A homogeneous analysis of disks around brown dwarfs

TL;DR

This study conducts a homogeneous analysis of Herschel data for 55 brown dwarfs and very low mass stars, revealing how disk structures vary with central object mass and spectral type, with implications for planet formation.

Contribution

It provides the first homogeneous analysis of disk properties across a large sample of substellar objects, showing stellar-mass-dependent disk structures down to brown dwarfs.

Findings

BD disks have smaller flaring than sun-like stars.

Disk mass in BDs is orders of magnitude lower than in T Tauri stars.
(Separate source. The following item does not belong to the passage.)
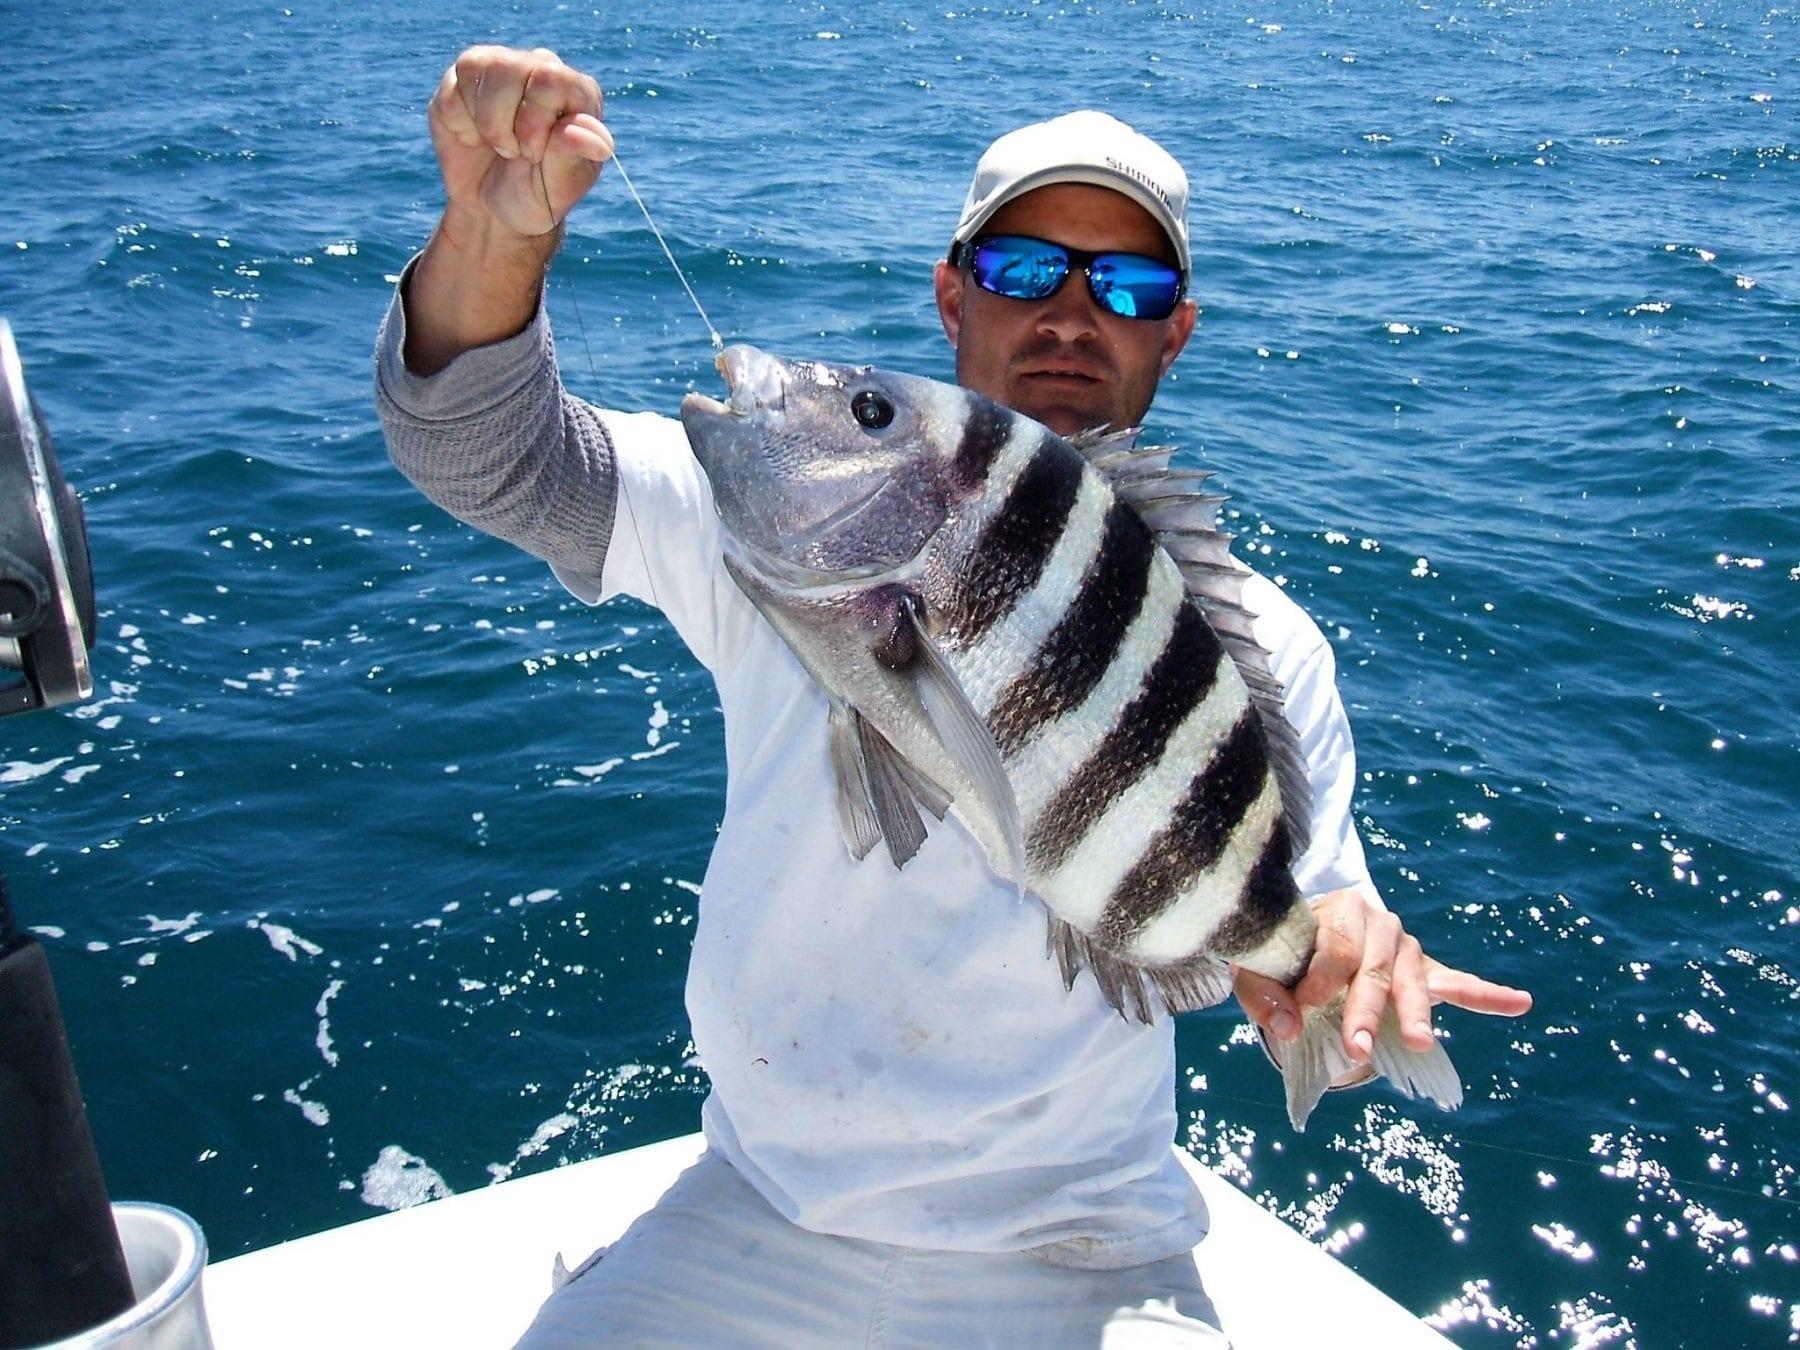 Sheepshead feeding frenzy coastal angler the angler for Northeast saltwater fishing reports

No clear trend in disk mass distribution among BDs.

Abstract

We re-analyzed the Herschel/PACS data of a sample of 55 brown dwarfs (BDs) and very low mass stars with spectral types ranging from M5.5 to L0. We investigated the dependence of disk structure on the mass of the central object in the substellar regime based on a homogeneous analysis of Herschel data from flux density measurements to spectral energy distribution (SED) modeling. A systematic comparison between the derived disk properties and those of sun-like stars shows that the disk flaring of BDs and very low mass stars is generally smaller than that of their higher mass counterparts, the disk mass is orders of magnitude lower than the typical value found in T Tauri stars, and the disk scale heights are comparable in both sun-like stars and BDs. We further divided our sample into an early-type brown dwarf (ETBD) group and a late-type brown dwarf (LTBD) group by using spectral type (=M8) as the border criterion. We systematically compared the modeling results from Bayesian analysis between these two groups, and found the trends of flaring index as a function of spectral type also present in the substellar regime. The spectral type independence of the scale height is also seen between high-mass and very low-mass BDs. However, both the ETBD and LTBD groups feature a similar median disk mass of 10^{-5}Msun and no clear trend is visible in the distribution, probably due to the uncertainty in translating the far-IR photometry into disk mass, the detection bias and the age difference among the sample. Unlike previous studies, our analysis is completely homogeneous in Herschel/PACS data reduction and modeling with a statistically significant sample. Therefore, we present evidence of stellar-mass-dependent disk structure down to the substellar mass regime, which is important for planet formation models. (Abridged Version)